#### Work instructions
Reproduce the whole listing word for word. Leave every image out.

#### Input data
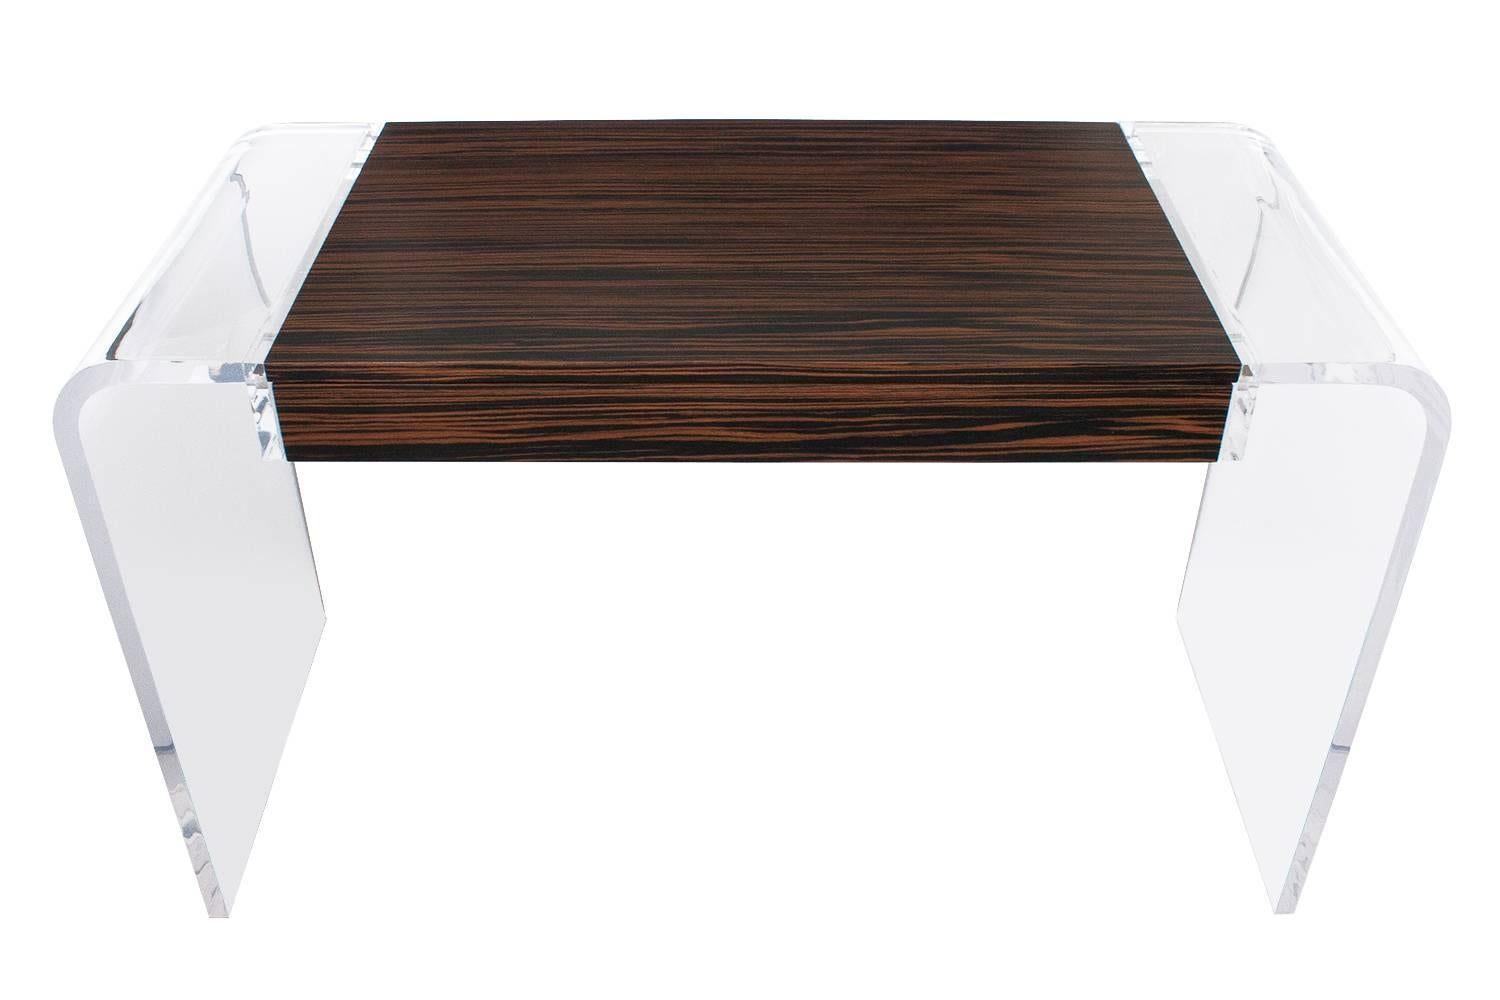 Stunning macassar ebony and lucite floating desk. The piece has a wide variety of uses such as a desk, vanity, writing table or console table.  

A macassar case and drawer are suspended between two one inch thick bent lucite legs. The case
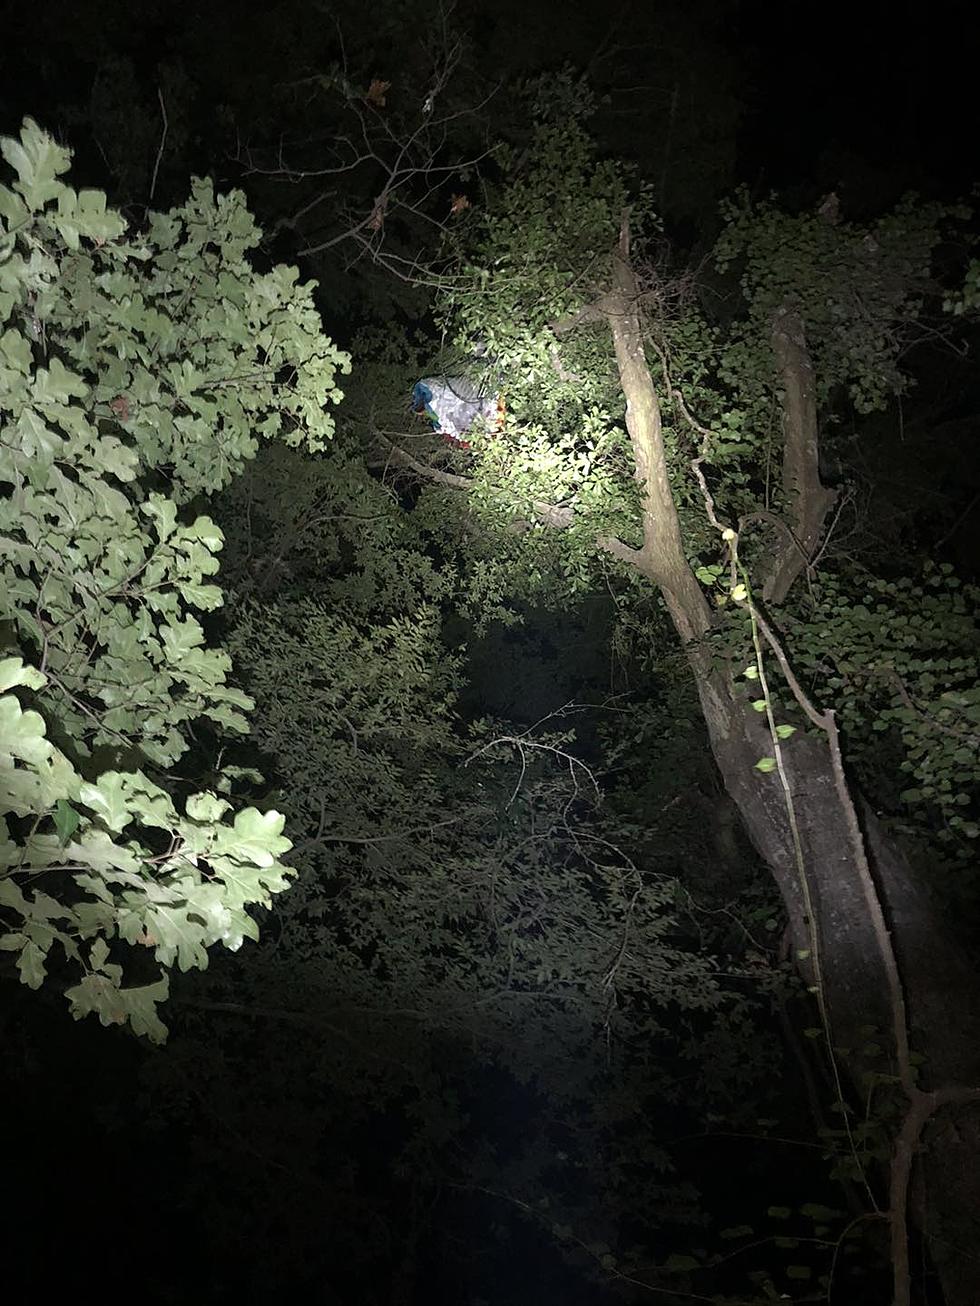 Louisiana Paraglider Crashes Into Tree, Has to Be Rescued by Fire Department

#### Exercise answer
 Stunning macassar ebony and lucite floating desk. The piece has a wide variety of uses such as a desk, vanity, writing table or console table.  

A macassar case and drawer are suspended between two one inch thick bent lucite legs. The case
 Louisiana Paraglider Crashes Into Tree, Has to Be Rescued by Fire Department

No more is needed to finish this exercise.